Average balances, including balances used in calculating certain financial ratios, are generally comprised of average daily balances for the 
Company. Within Management’s Discussion and Analysis of Financial Condition and Results of Operations, certain performance measures 
including interest income, net interest income, net interest yield, and efficiency ratio are generally presented on a fully tax-equivalent (FTE) 
basis.

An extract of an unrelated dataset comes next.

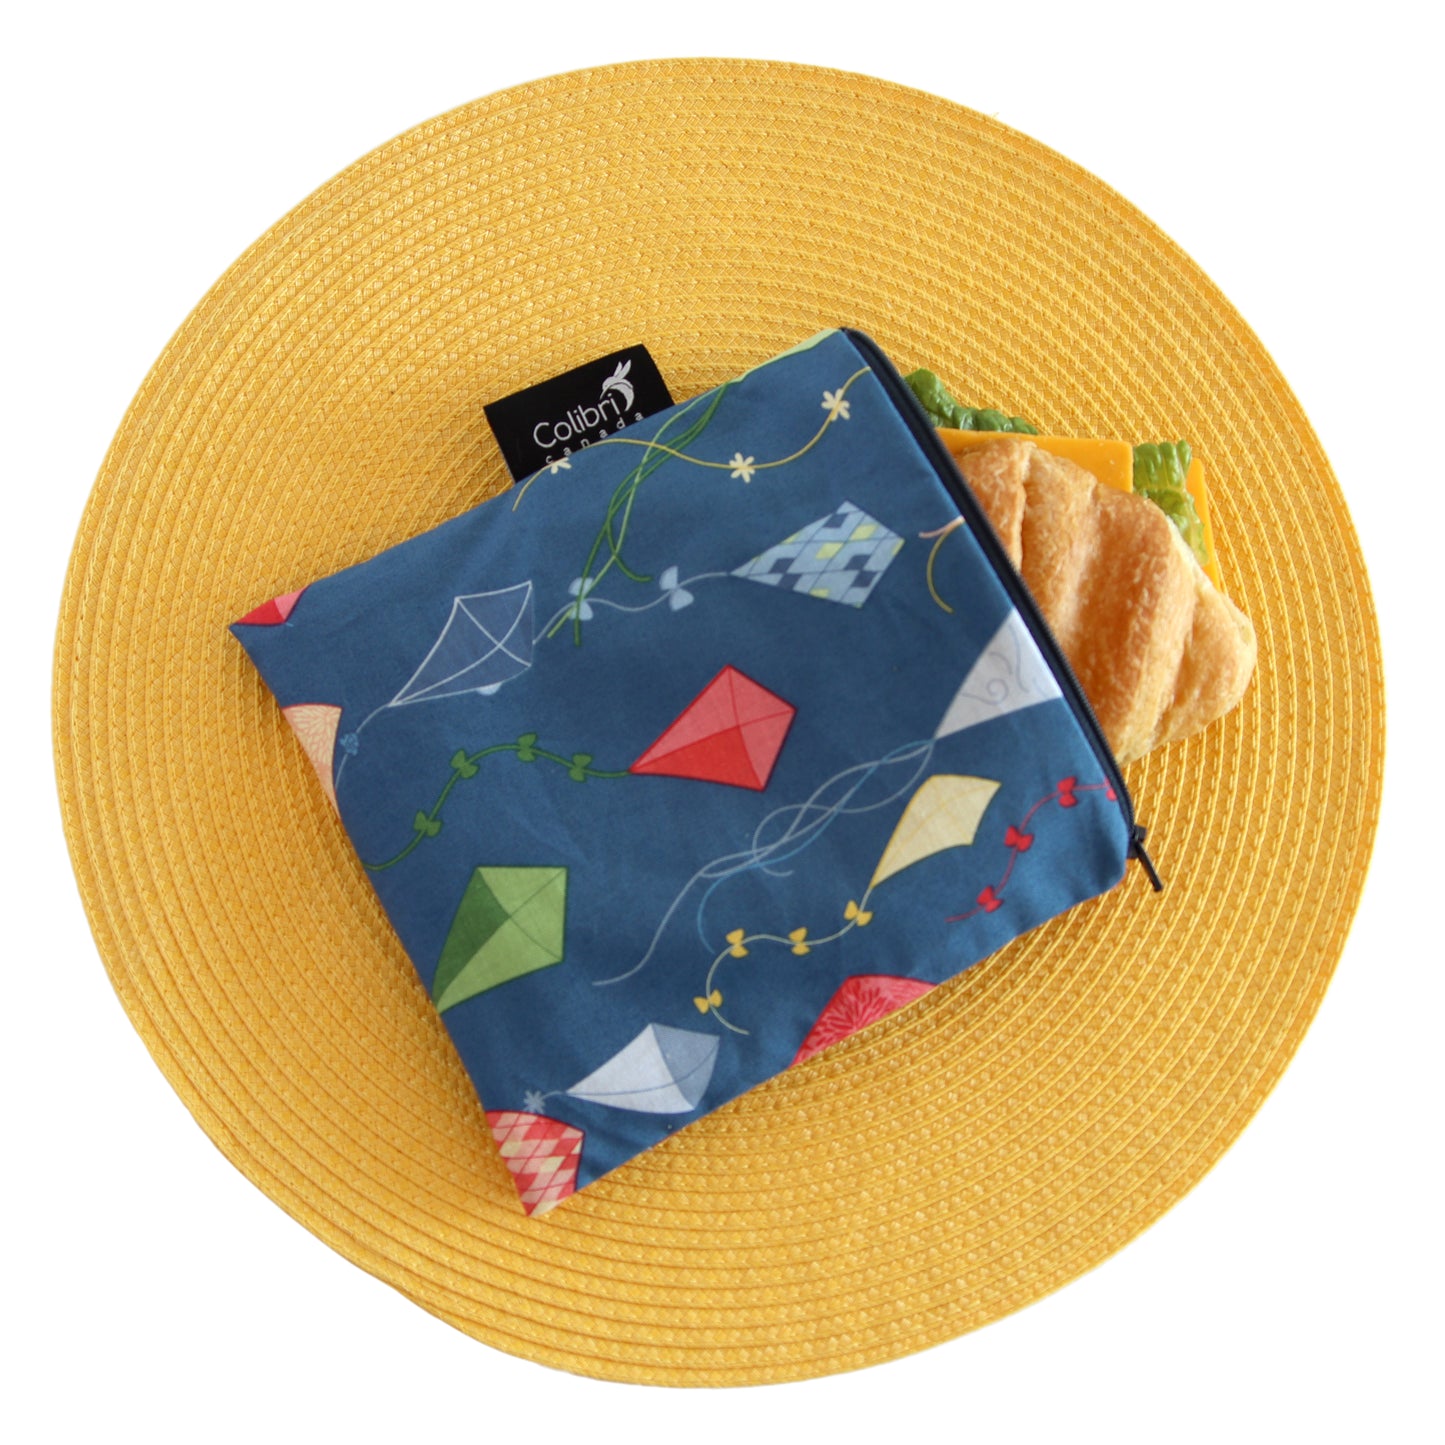 2130 - Kites Reusable Snack Bag - Large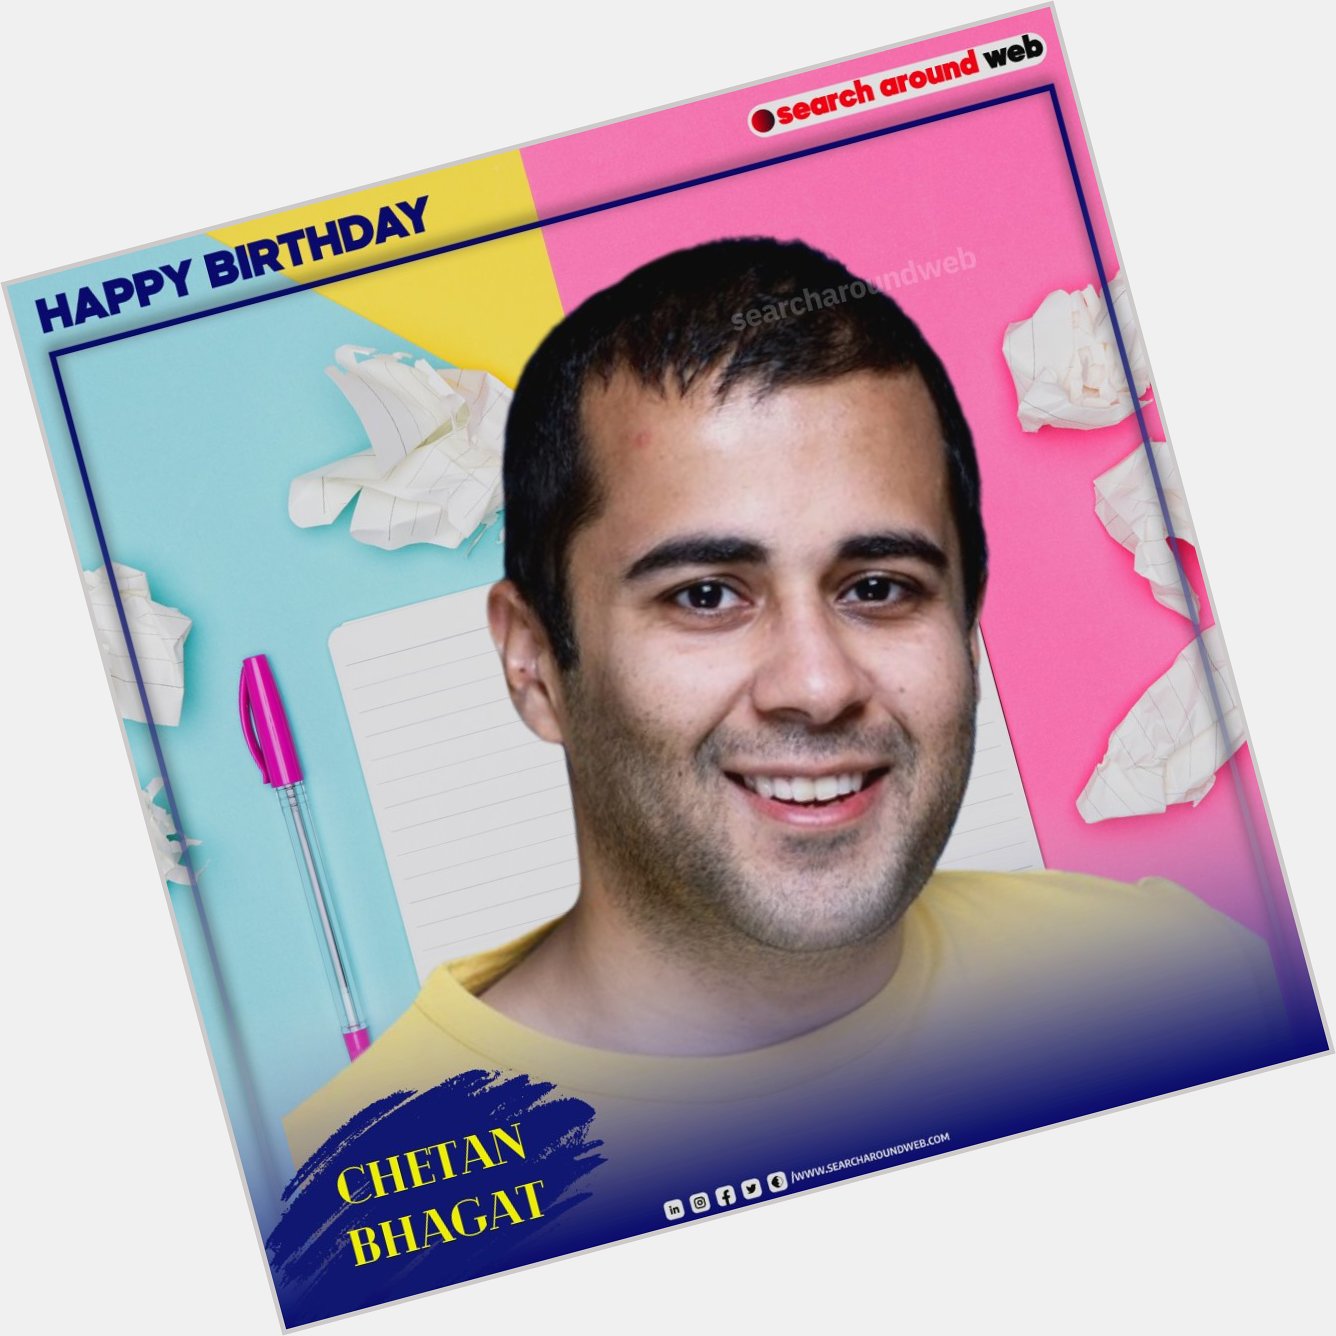  Happy Birthday - Chetan Bhagat

The Company believes the use of these non-generally accepted accounting principles (non-GAAP) measures provides additional clarity 
in assessing its results.

On July 6, 2018 the Bank completed its acquisition of FNBB originally announced on December 11, 2017 for an aggregate transaction value 
of $291,132,000. Through this business combination assets acquired, including core deposit intangibles of $27,605,000, totaled 
$1,306,539,000 and liabilities assumed totaled $1,171,968. Goodwill recognized totaled $156,561,000 and the merger expenses incurred 
during the year ended December 31, 2018 totaled $5,227,000.  There were no merger expenses incurred during the year ended December 31, 
2019.

From time to time the Bank may be presented with the opportunity to purchase individual or pools of loans in whole or in part outside of a 
transaction that would be considered a business combination. As of December 31, 2019 and 2018 the outstanding carrying value of purchased 
loans that were not acquired in a business combination totaled $52,678,000 and $56,023,000, respectively.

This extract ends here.